Mark Fallon is a former Naval Criminal Investigative Service special agent and counter-terrorism expert from the United States.
He was the director of the Criminal Investigative Task Force at the US Military's Guantanamo detention camp, for two and half years, where his organization conducted a parallel and independent series interrogations and intelligence analysis from that conducted by Joint Task Force Guantanamo, the CIA and the FBI.

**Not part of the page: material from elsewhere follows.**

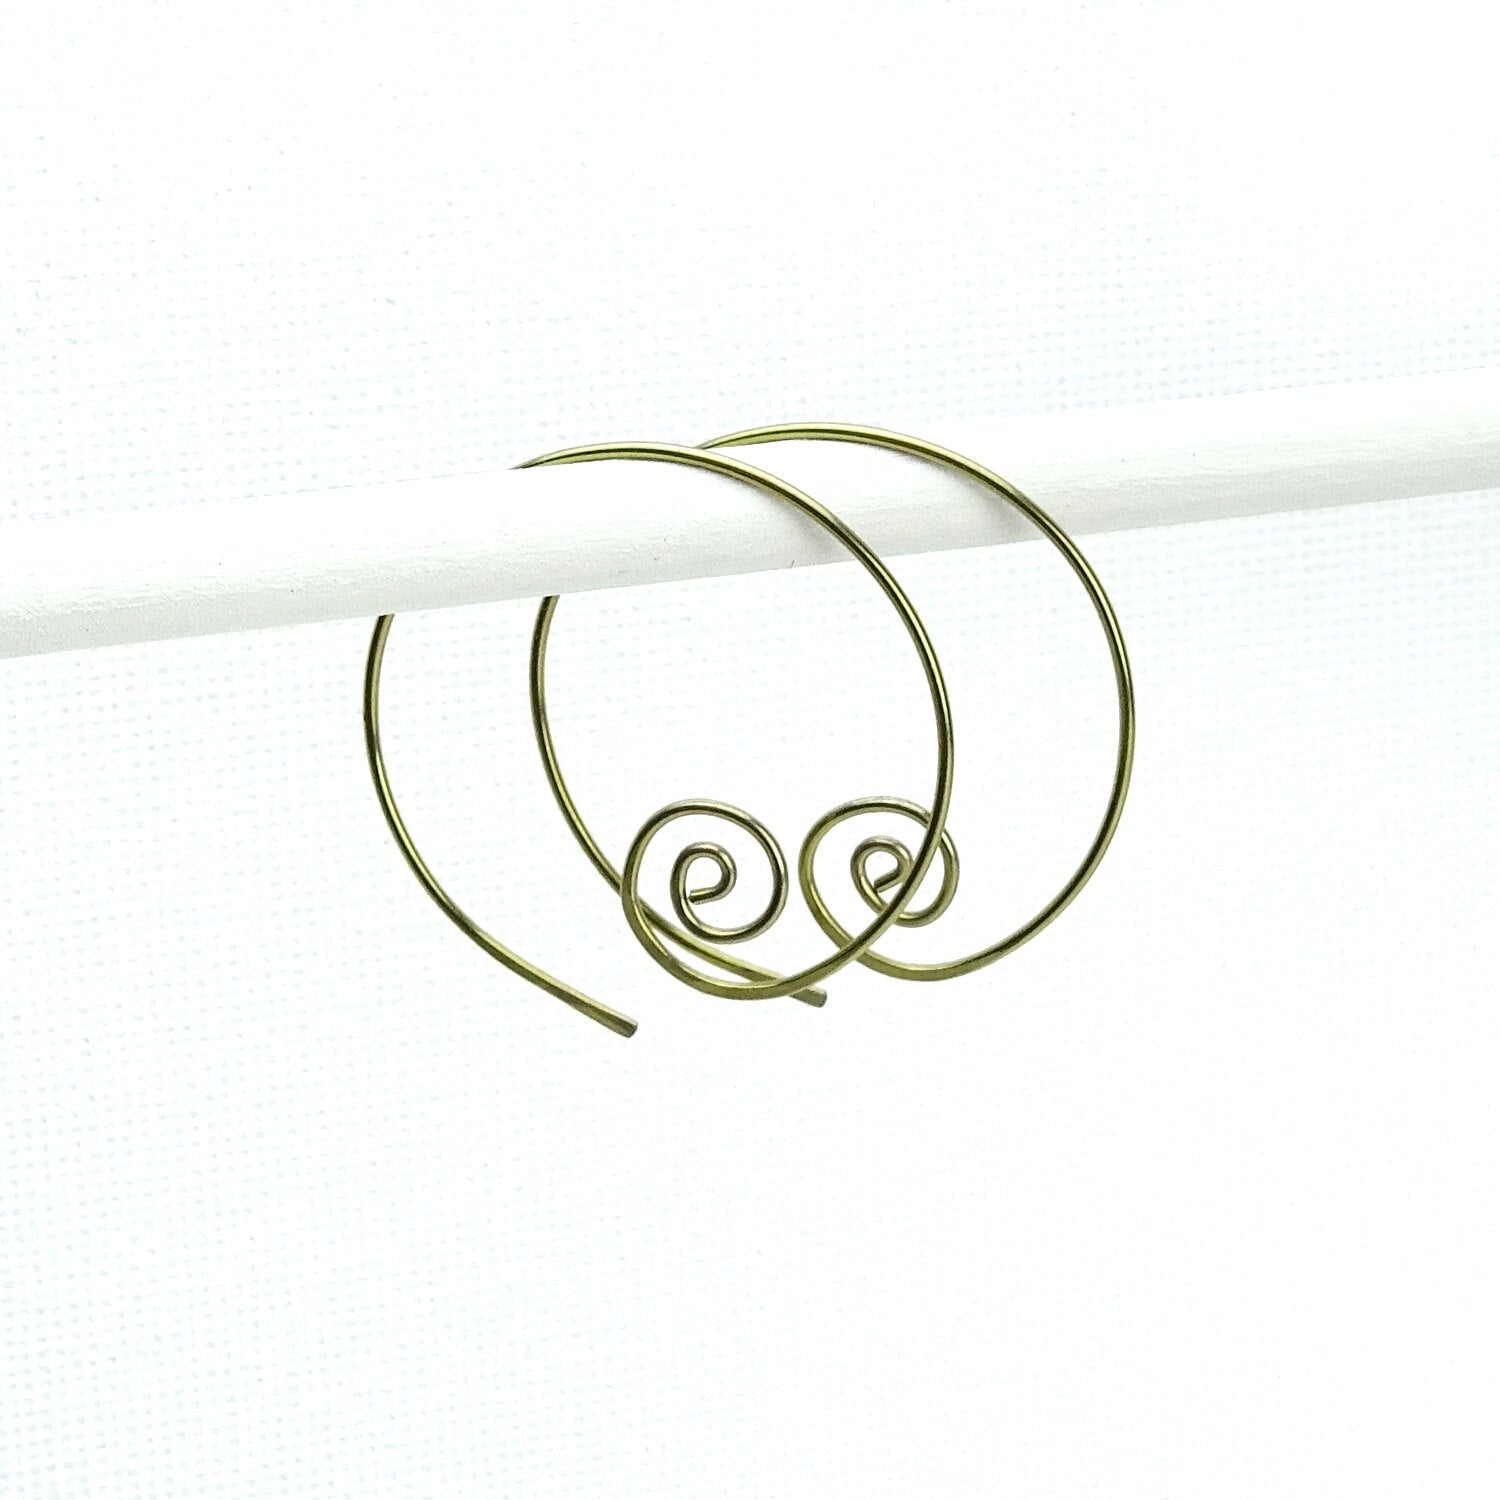 Niobium Hoops Spirals Gold Niobium Spiral Hoop Earrings, Hypoallergenic Hoops for Sensitive Ears, Niobium Hoops

Fallon tried to use his influence to prevent torture from being employed at Guantanamo, emphasizing skills from police work of building rapport. "Our folks would sit on the ground with detainees having tea," Fallon told investigative reporter Bill Dedman of NBC News in the first report on the unit's efforts in 2006. "Many of the detainees wanted also to be released. And our goal was to obtain accurate information. A good investigator works hard to prove guilt or innocence." The NCIS team "suggested alternatives to the Army commanders in charge of the Guantanamo intelligence interrogations ... refused to participate in interrogations they felt were abusive; reported any signs of criminal acts by the intelligence interrogators; blocked an FBI plan to move Mohammed al-Qahtani to another country where he could be tortured; and threatened to remove their investigators from Guantanamo entirely if they were forced to watch abusive interrogations," NBC reported.

But they were shut out of decisions by the Bush administration. According to Ben Taub, writing in the New Yorker magazine in 2019, by August 2002 "Fallon's élite interagency criminal-investigation task force had been sidelined."

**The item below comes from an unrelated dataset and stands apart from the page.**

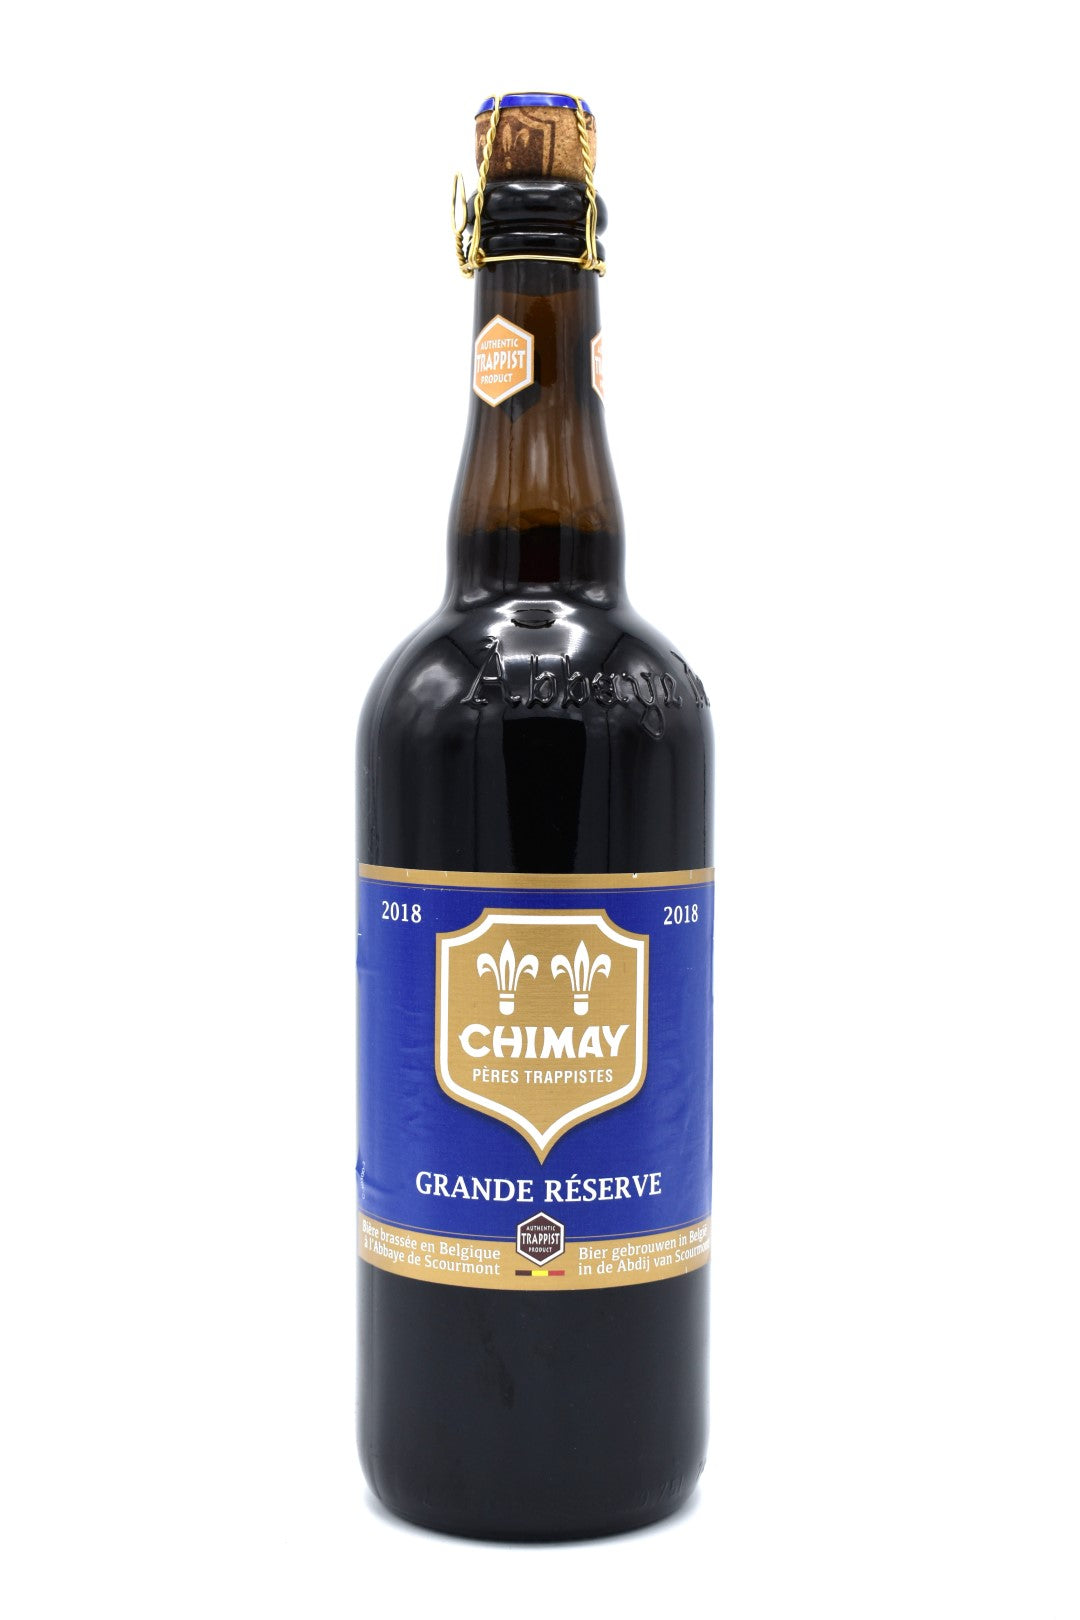 Chimay Grande Reserve Bleue 0,75l und 0,33l - das beliebteste Ale von Chimay mit mit 9% Vol.

Following his time in Government service Fallon became a vocal critic of the US Intelligence Establishment's counter-terrorism efforts.

On 2008 Fallon joined The Soufan Group, a security firm founded by Ali Soufan, a former FBI counter-terrorism expert who also became a critic of the narrative common from members of the US Intelligence Establishment.

In 2017 Fallon published "Unjustifiable Means: The Inside Story of How the CIA, Pentagon, and US Government Conspired to Torture." Fallon said that he faced significant resistance from the government in publishing his book, including extended delays and censorship of 113 passages, often for information that was already part of the congressional record. Department of Defense spokesman Darrell Walker disputed claims the Government was trying to suppress publication of his book. Rather, he said, the Government imposed delays were due to his book requiring review from ten different Government agencies.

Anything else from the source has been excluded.